MJL to acquire Taj Jute Mills’ plot for expansion
Company officials said they are prioritising booking the land first because of its strategic location
MJL Bangladesh PLC, the largest lubricant company in the country, is set to acquire the plot of Taj Jute Mills in Narayanganj for future expansion.
The fuel and power sector firm will invest Tk95 crore to purchase the 50 bigha of land, according to a stock exchange disclosure.
MJL Bangladesh has conditionally signed a memorandum of understanding (MoU) with the seller as all documents related to this property are found transparent and legitimate, it added.
Company officials said they are prioritising booking the land first because of its strategic location. Subsequently, it will determine the use of the land.

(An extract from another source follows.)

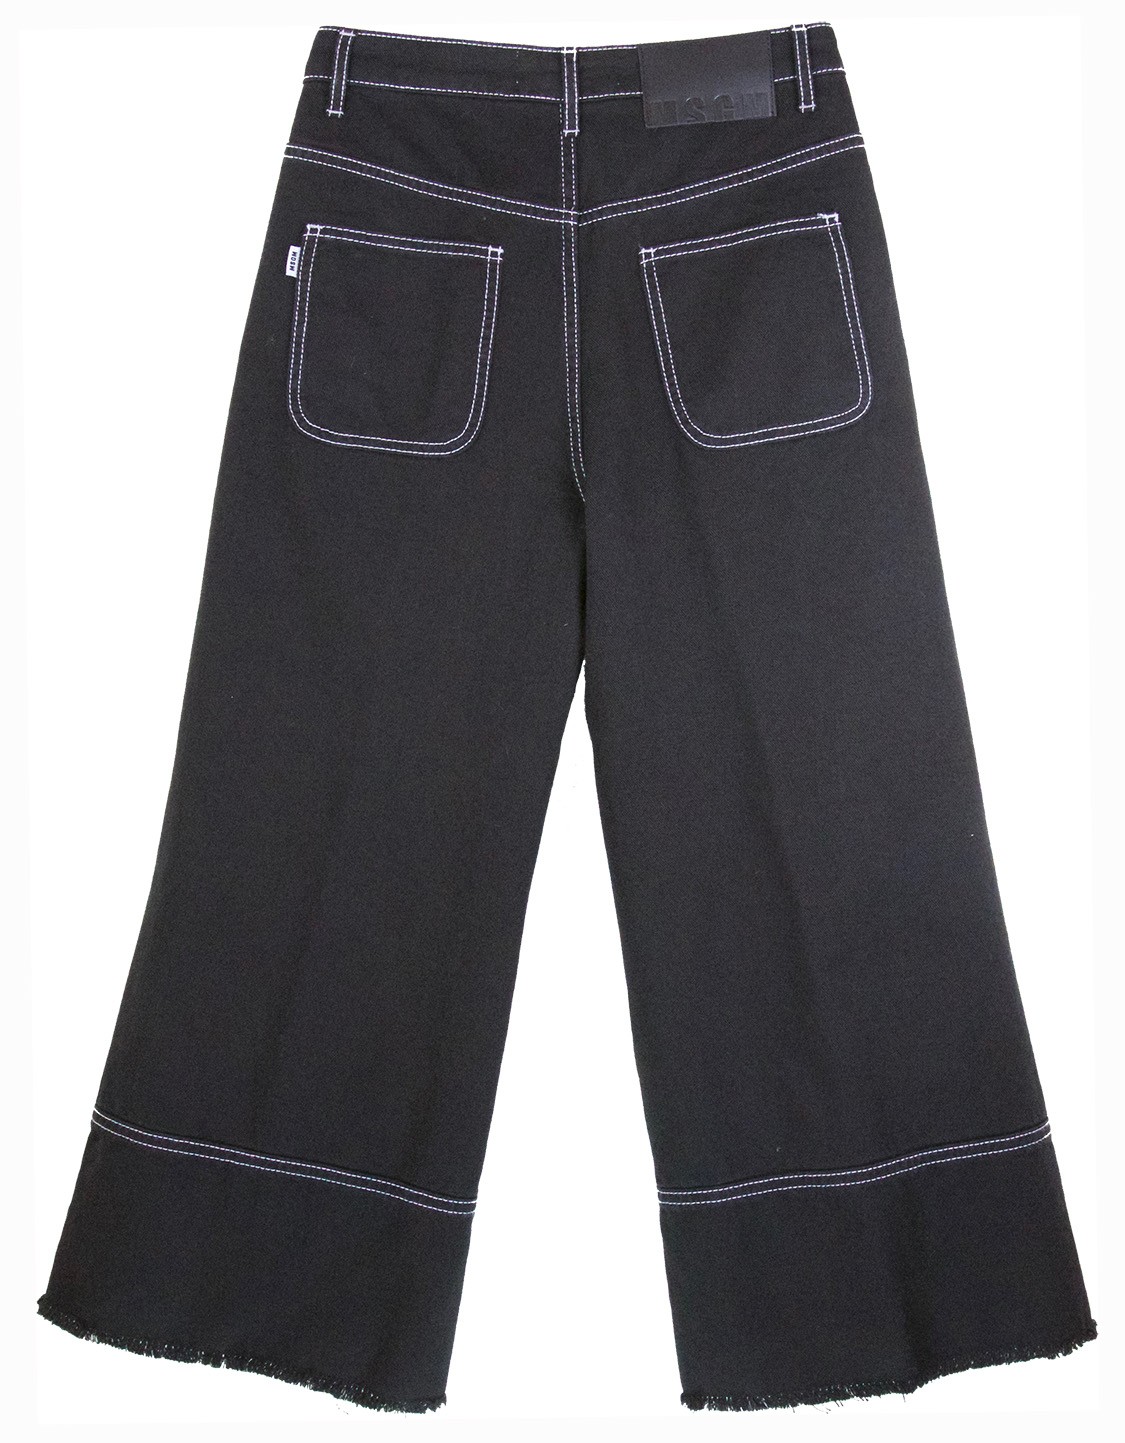 shop MSGM  Pantaloni: Pantaloni MSGM, tipo jeans, nero, cuciture bianche a contrasto, quattro tasche, chiusura con bottoni e zip, sfrangiato, lunghezza alla caviglia.

Composizione: 100% cotone. number 1151

"No concrete expansion plan has been formulated yet. We are currently focused on securing the necessary land at a strategic location for potential future expansion," Azam J Chowdhury, managing director at the company, told The Business Standard.
The land is on the bank of the River Shitalakshya, and it would be suitable for inland water transportation of bulk goods, he said, adding that they had earlier bought a similar plot from Allied Jute Mills on the bank of the same river.
The businessman said some plots were initially purchased at a lower cost in Chattogram and were subsequently used for constructing warehouses. He added that MJL currently does not have any plans to expand into new sectors.
New oil tanker in 2026
MJL Bangladesh is buying a brand new oil tanker for $75 million (equivalent to Tk800 crore) to carry petroleum products in bulk.
Azam J Chowdhury said on Sunday that the tanker was being built to be delivered in the first quarter of 2026. One-third of the cost would be provided by the company, and the rest of the amount would be borrowed.
He added that the tanker was expected to be a currency-hedged business as both the investment and expected revenue would be in foreign currency.
Business performance
The publicly listed firm has been making handsome revenue and profit over the years, and annual turnover has been over Tk2,000 crore in the last three years with significant growth, while also paying handsome dividends to its shareholders.
According to its audited financials for fiscal 2021-22, its net revenue grew by 19% to Tk2426 crore, but its net profit declined by 24% to Tk188 crore.
As a result, the company paid a 50% cash dividend, down from 55% in the previous fiscal year.
Following the previous year's growth, the company has reported a 20.5% growth in net revenue to Tk2216 crore, and profit grew by 5% to Tk160 crore in the first nine months of fiscal 2022-23.
About MJL Bangladesh
MJL Bangladesh PLC is a joint venture company between EC Securities Limited, a subsidiary of East Coast Group, and the state-owned Jamuna Oil Company.
The journey of blending world-class lubricants in Bangladesh started in 1998 when Mobil Corporation, later known as Exxon Mobil Corporation, decided to set up Mobil Jamuna Lubricants Limited in partnership with Jamuna Oil.
The company's self-operated core business of Mobil and Omera-branded lubricants and shipping, the liquefied petroleum gas (LPG) cylinder manufacturing business operated by a subsidiary.
MJL Bangladesh entered the stock market in 2011.
East Coast Group owns more than half of the firm, while Jamuna Oil holds nearly one-fifth of the company's shares.
At present, MJL has the capacity to produce around 150,000 barrels of blended lube a year and imports about the same quantity of finished lube oil, which are mostly absorbed by the domestic market.
MJL products are mainly divided into two categories: locally blended products and imported finished products.
The company caters to the demands of a wide range of customers from different sectors by providing 17 types of product lines.
Other than Mobil-branded products, MJL has been establishing its own brand, Omera, in other categories where Omera products will not be in direct competition with Mobil products.